• [Information provided]:
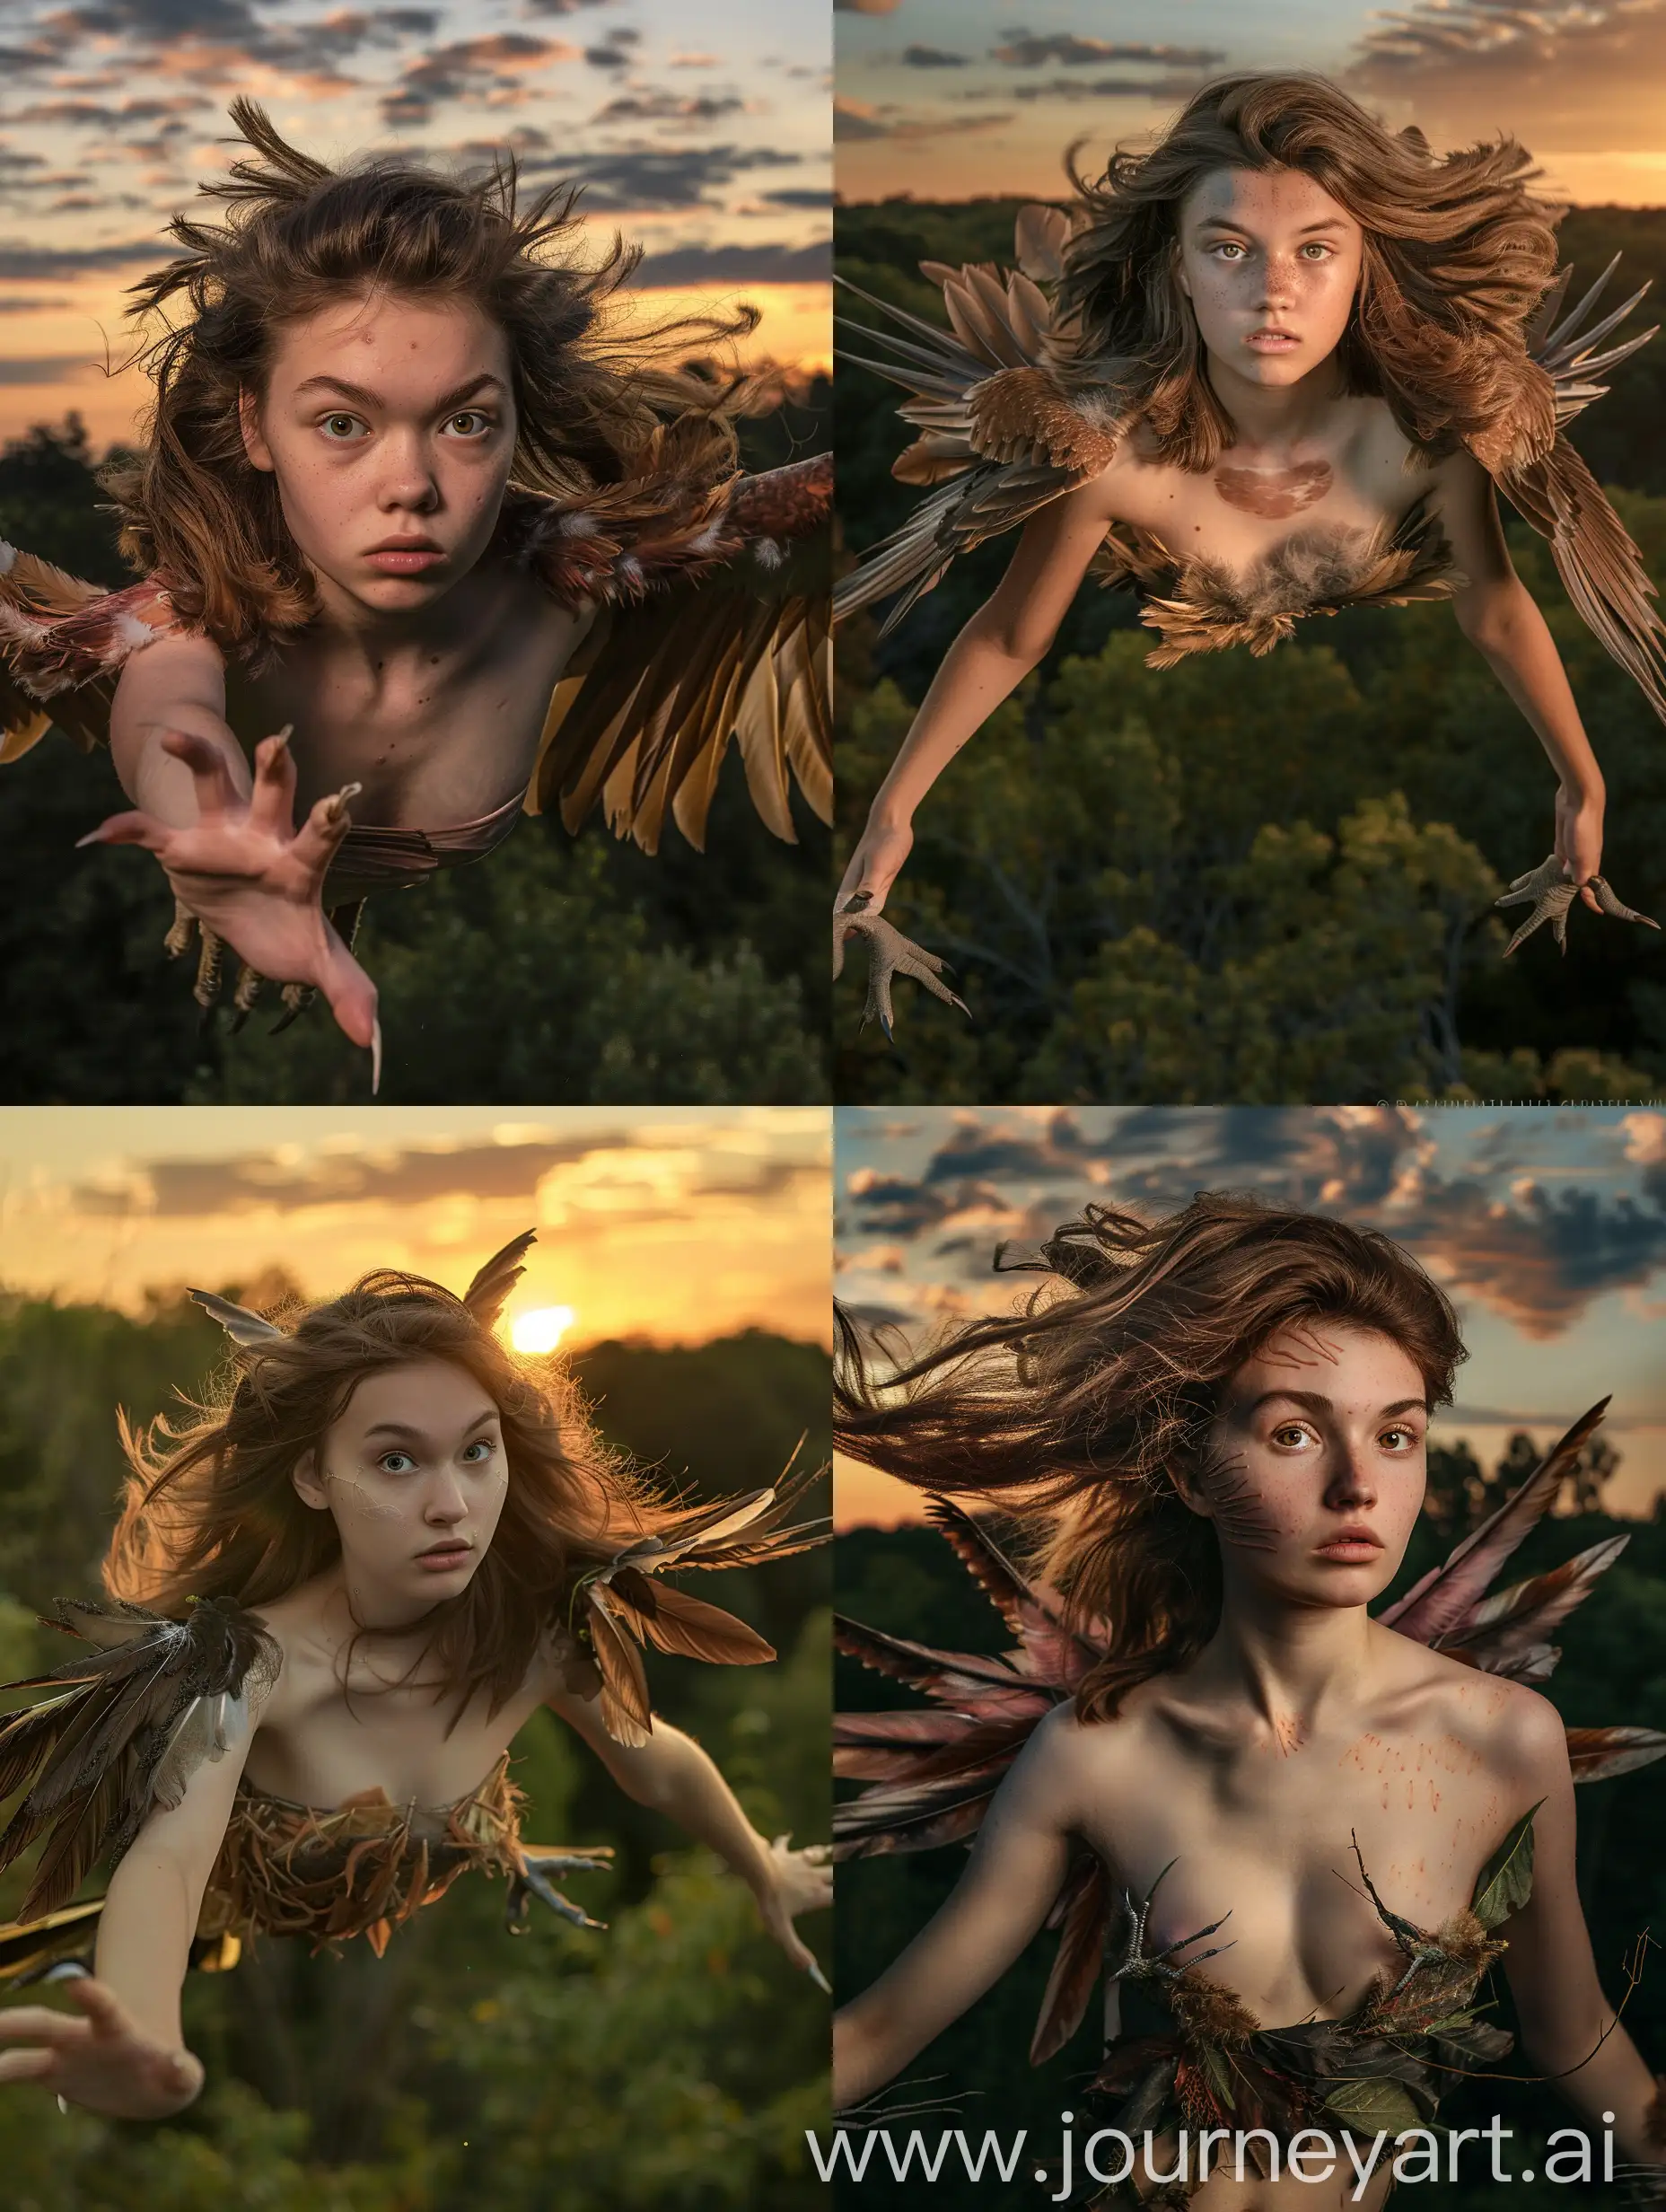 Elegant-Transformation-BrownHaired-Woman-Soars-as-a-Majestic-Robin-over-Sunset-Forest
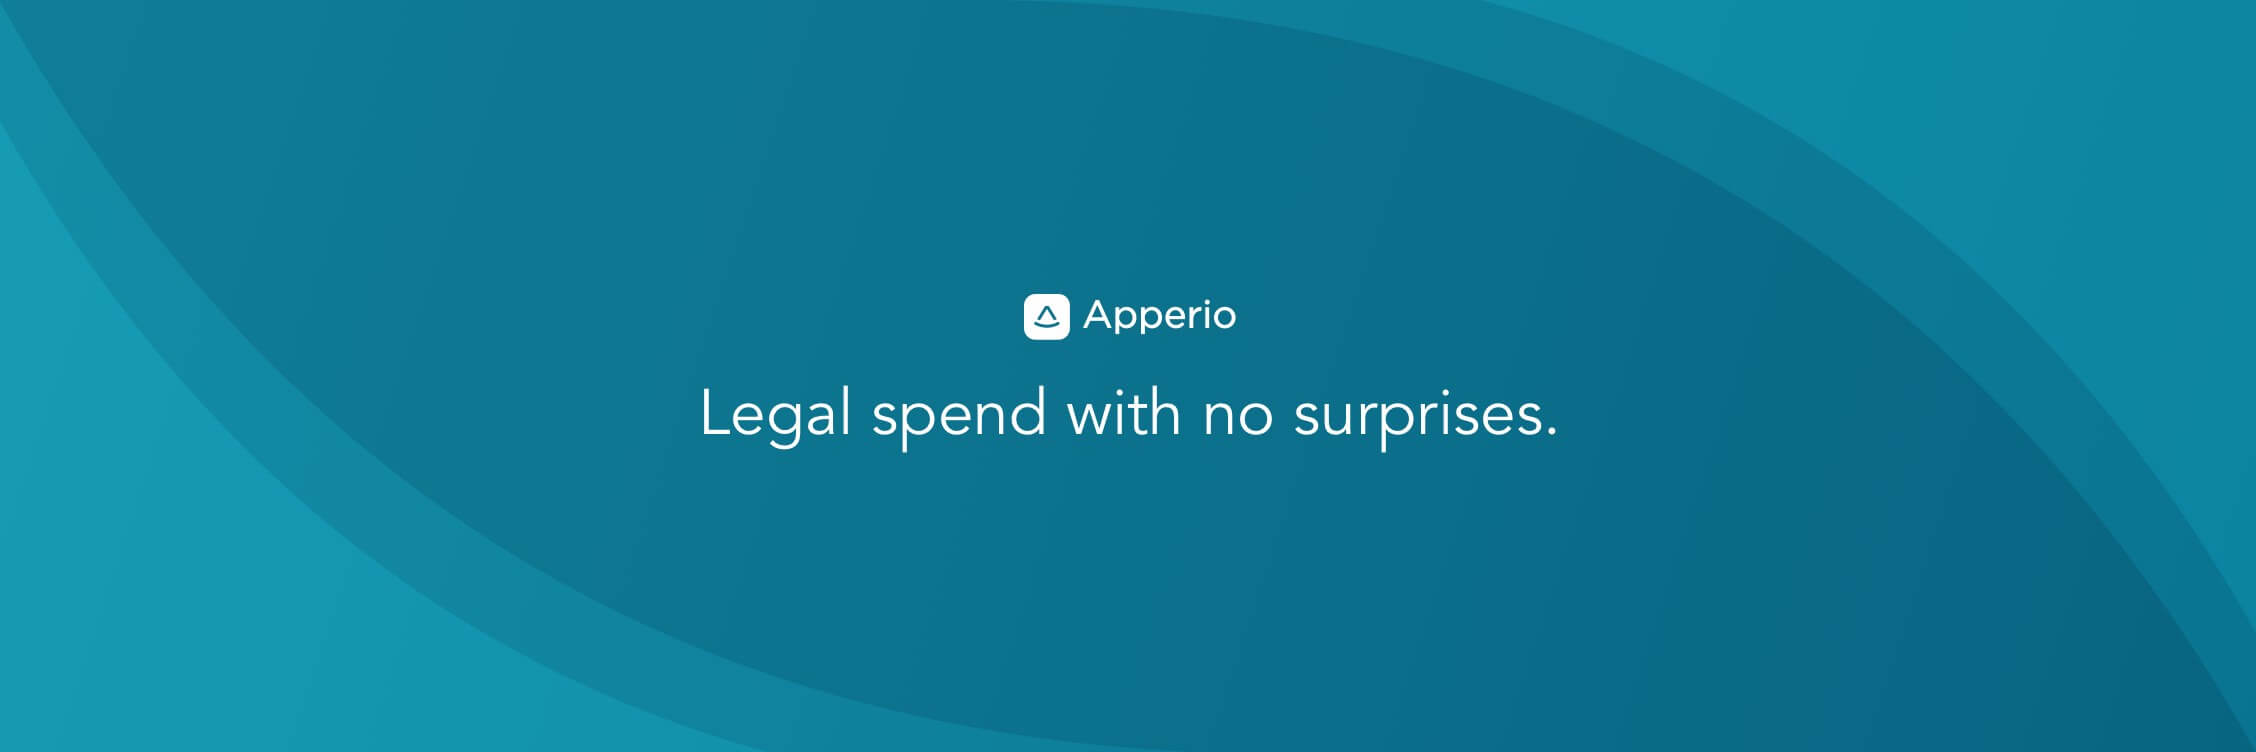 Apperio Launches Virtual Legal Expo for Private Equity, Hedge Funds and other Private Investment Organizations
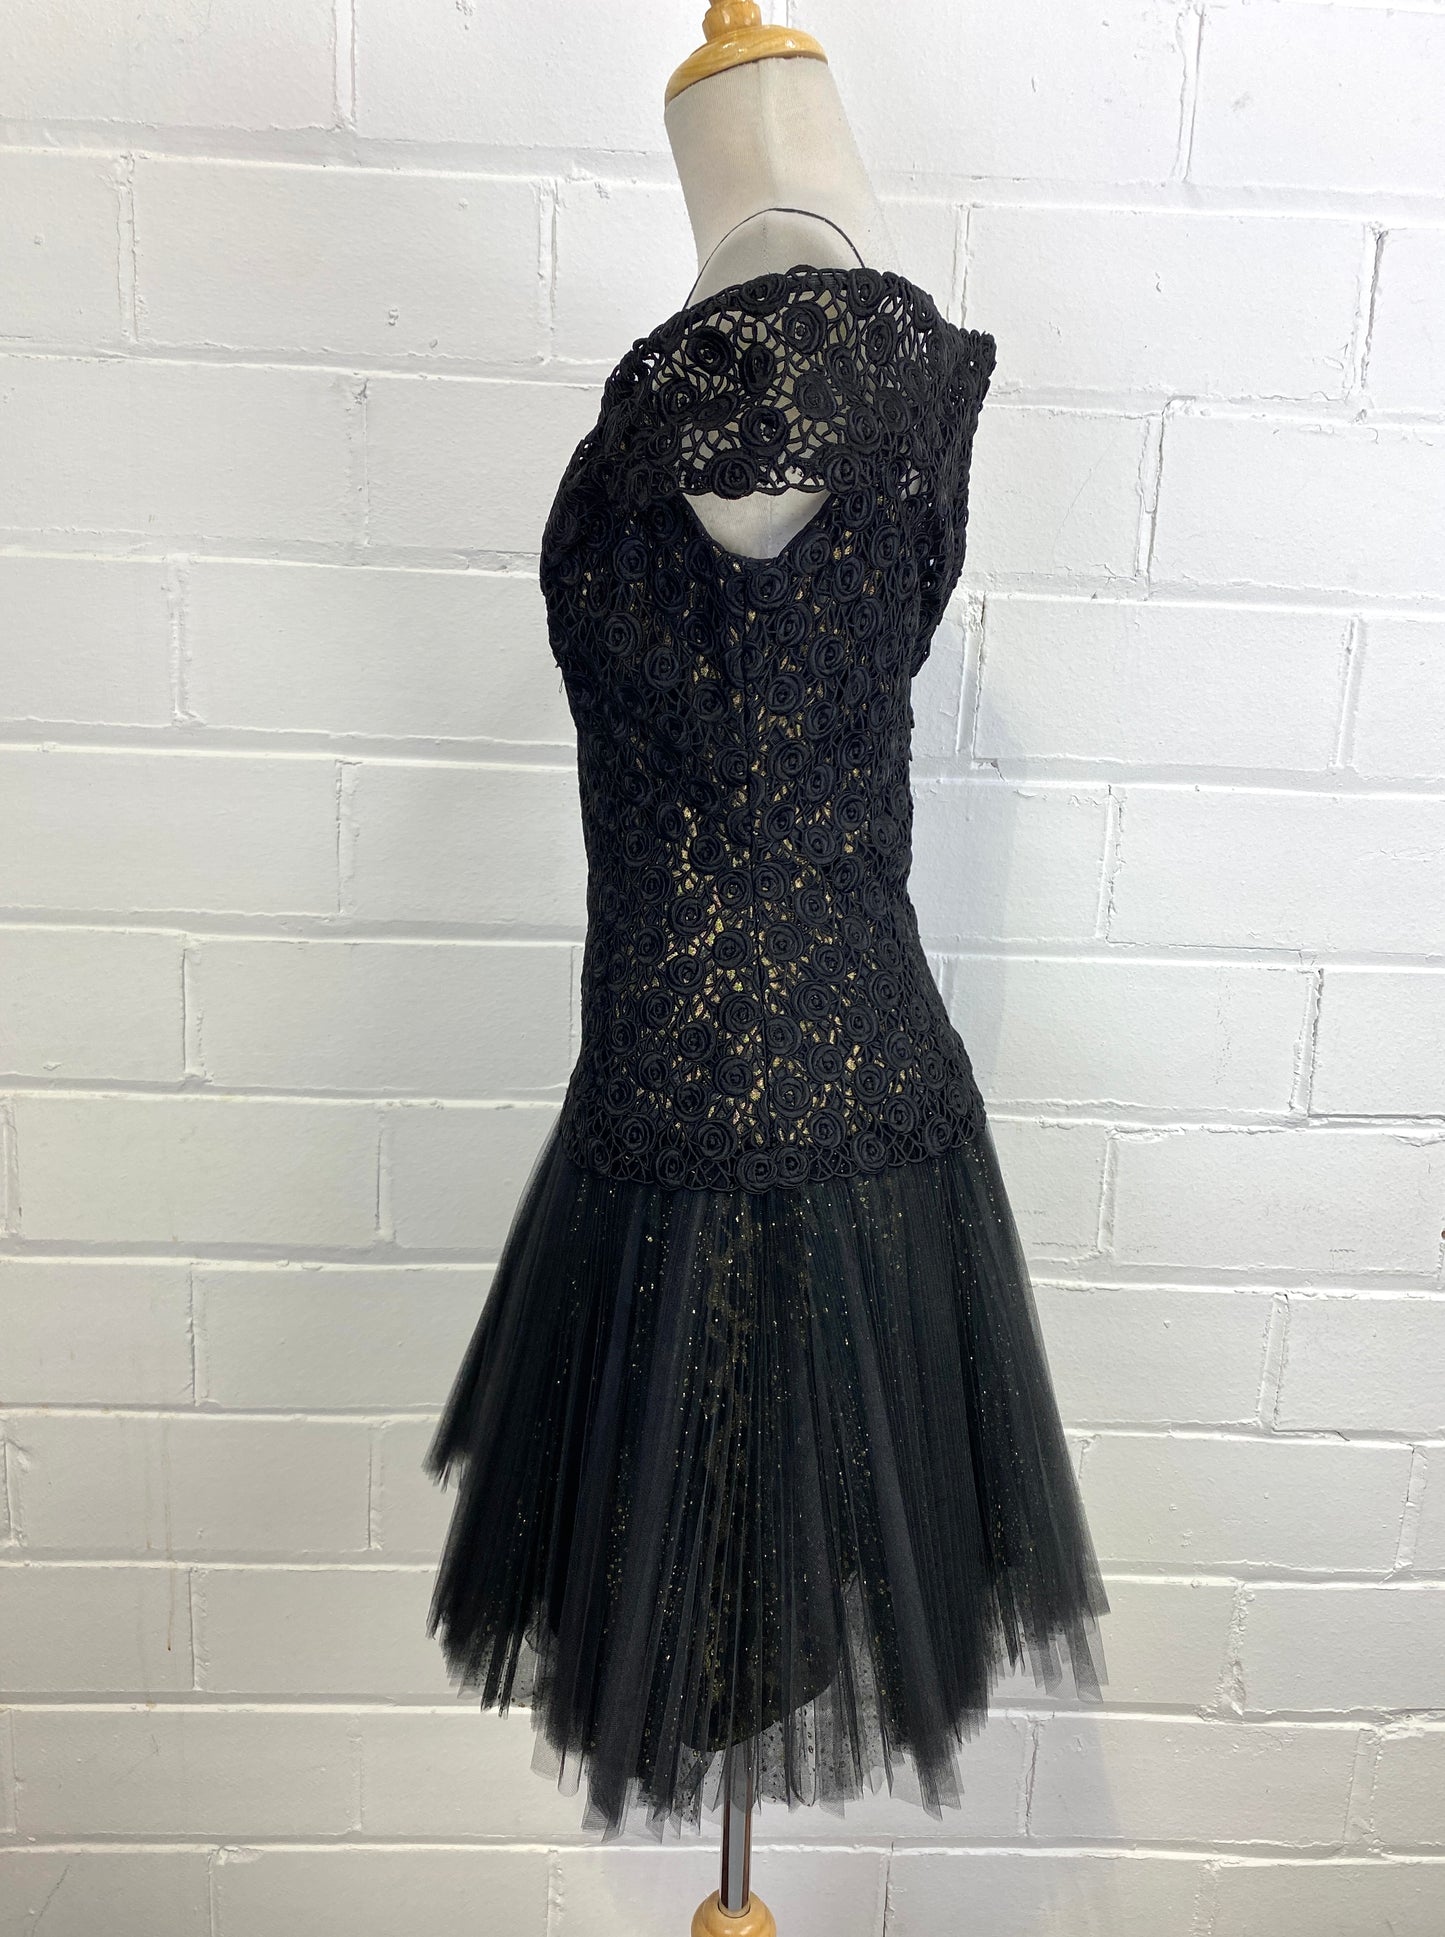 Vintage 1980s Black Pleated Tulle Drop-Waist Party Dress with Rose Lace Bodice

• [What you need to do]: Take the listing above and restate it word for word, without its pictures.

• [Reply]:
 Elegant-Transformation-BrownHaired-Woman-Soars-as-a-Majestic-Robin-over-Sunset-Forest
 Apperio Launches Virtual Legal Expo for Private Equity, Hedge Funds and other Private Investment Organizations
 Vintage 1980s Black Pleated Tulle Drop-Waist Party Dress with Rose Lace Bodice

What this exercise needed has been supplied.